With the anticipated deluge of data from various personal genome projects, all drawing from a large human population, it will be be practical for a single institution or a company to deal with all the data at the pre-consumption level. One of the models that Personal Genome Project (PGP) has embraced is the open source model, in which various interested parties, whether they be interested individuals, academic labs, or for profit entities, contribute to laying down an integrated and highly networked infrastructure for independently collecting, analyzing, and distributing genomics data to end-users (i.e. patients, researchers, pharmaceutical companies).
The PGP group, headed by John Aach and assisted by Jay Lee, Sasha Wait and Jason Bobe, and the GQ group, Phil Robidoux and Richard Resnick, met in Novermeber 2008 for an introductory meeting. It was followed by several conversations regarding the present need and the anticipated needs/capablities of both PGP and GQ. PGP had released 8 out 10 preliminary exome data to public in October 2008, and PGP was preparing methods for releasing the rest of its data to the scientific community and to public in early 2009. In order to see how the GQ group could contribute, the PGP group and the GQ group initiated a pilot study looking at a subset of PGP volunteers.
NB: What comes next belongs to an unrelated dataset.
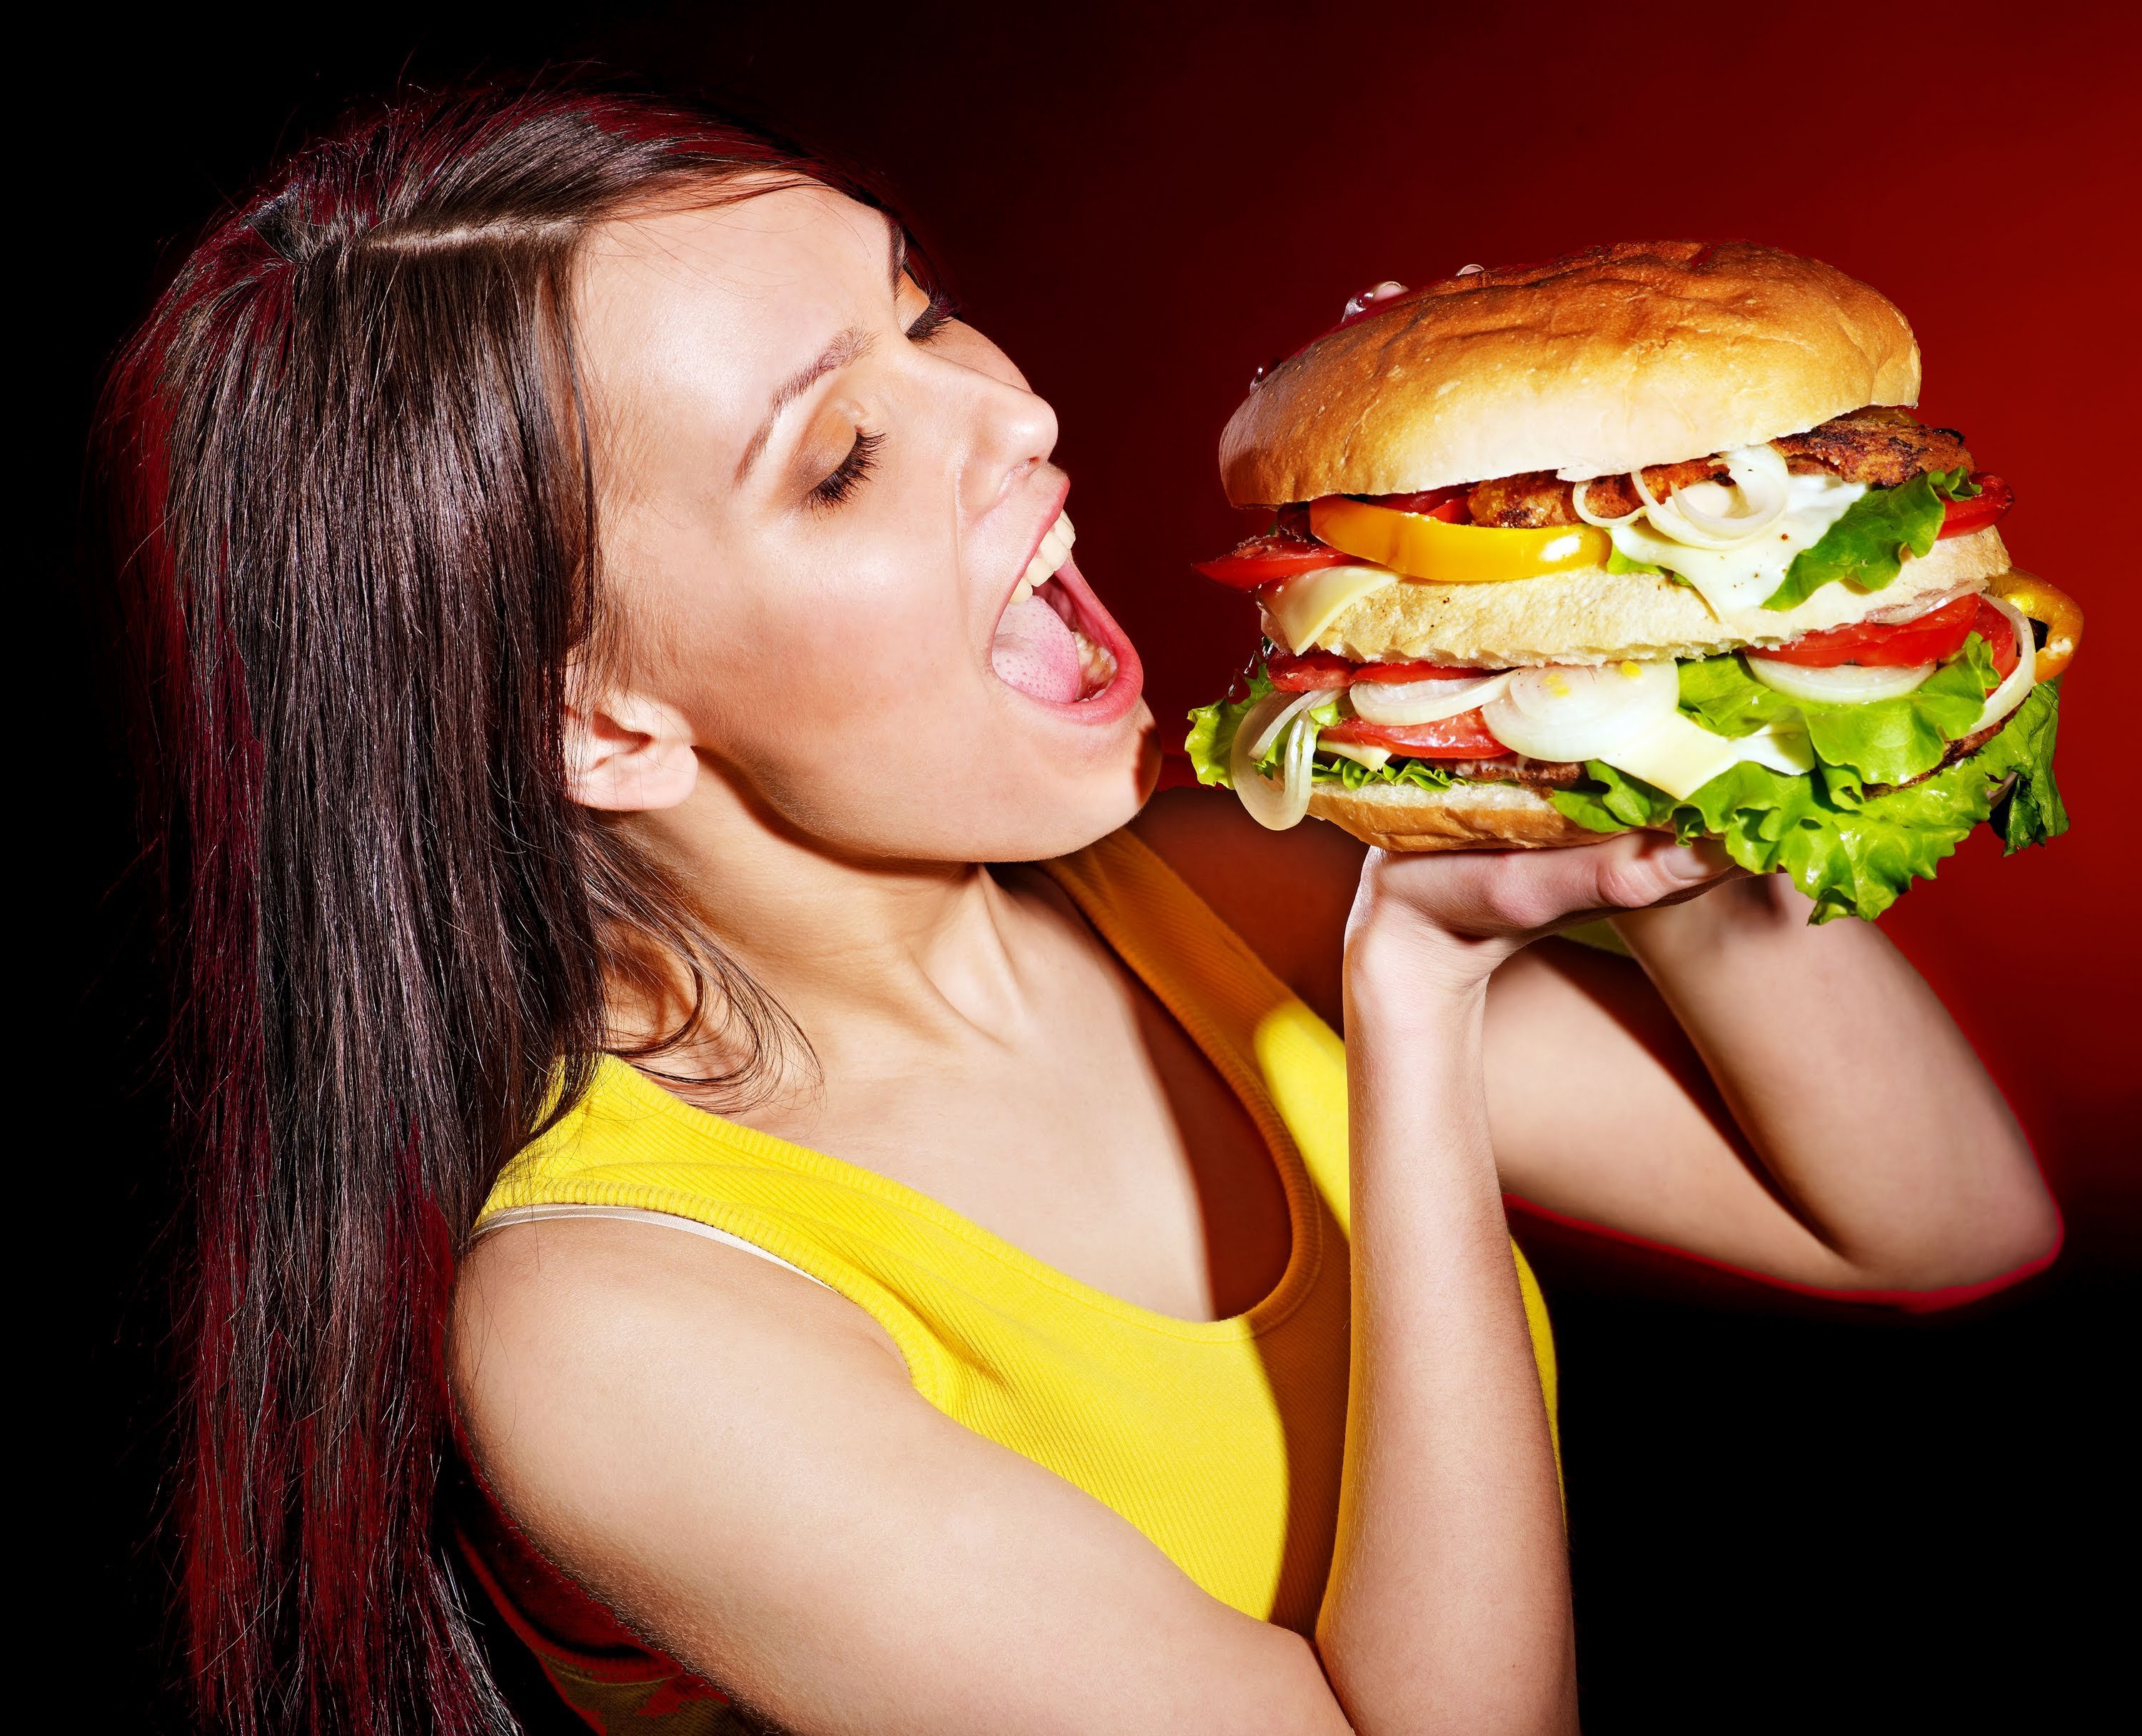 She eats meat. Девушка с гамбургером. Девушка ест гамбургер. Человек ест бургер. Человек ест гамбургер.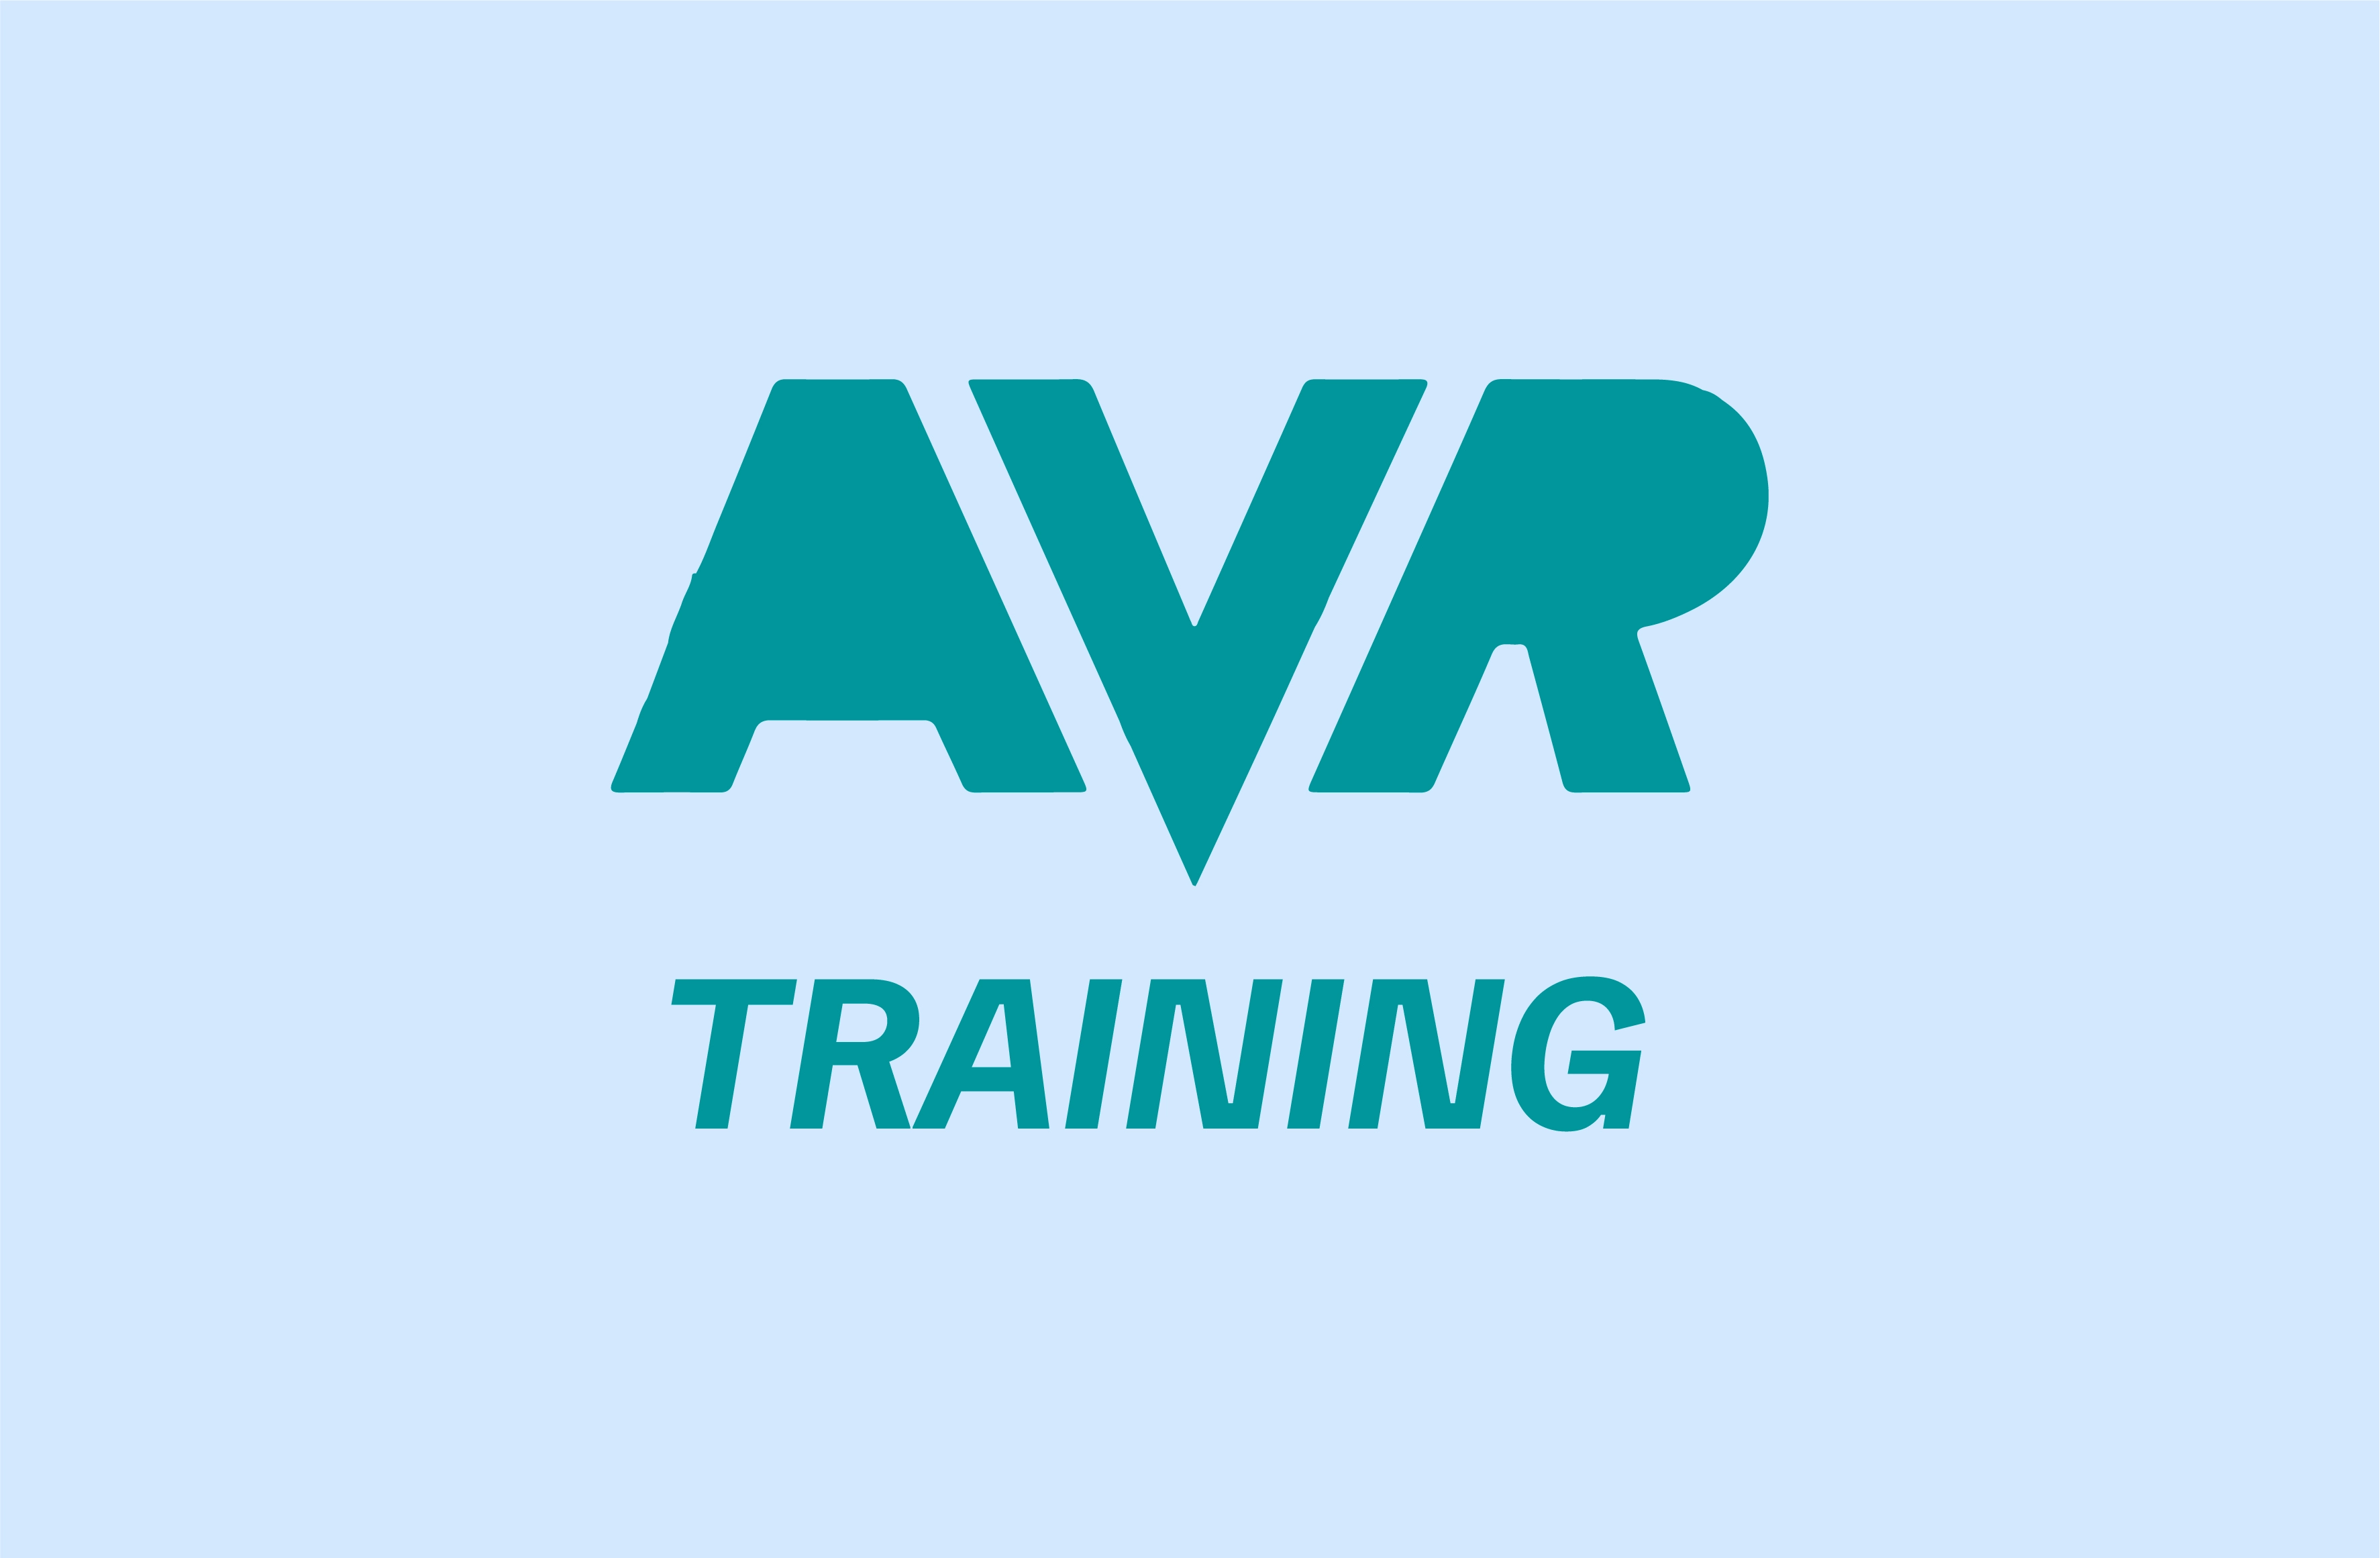 AVR Training

The purpose of this pilot is to demonstrate the feasibility of a working relationship between the PGP team and the GQ team, and to demonstrate the ability of the GQ platform. It is encouraged that the participants interested in this pilot interact through OpenWetWare wiki, in order to communicate with the entire teams and also to log our progress. With this first pilot, GQ and PGP groups will work out the best combination of sensitivity and specificity parameters to be used in the alignment, assembly and SNP detection. For this, we will focus on PGP2 only, and extend to the rest of PGP10 later as the PGP data release pipeline becomes finalized.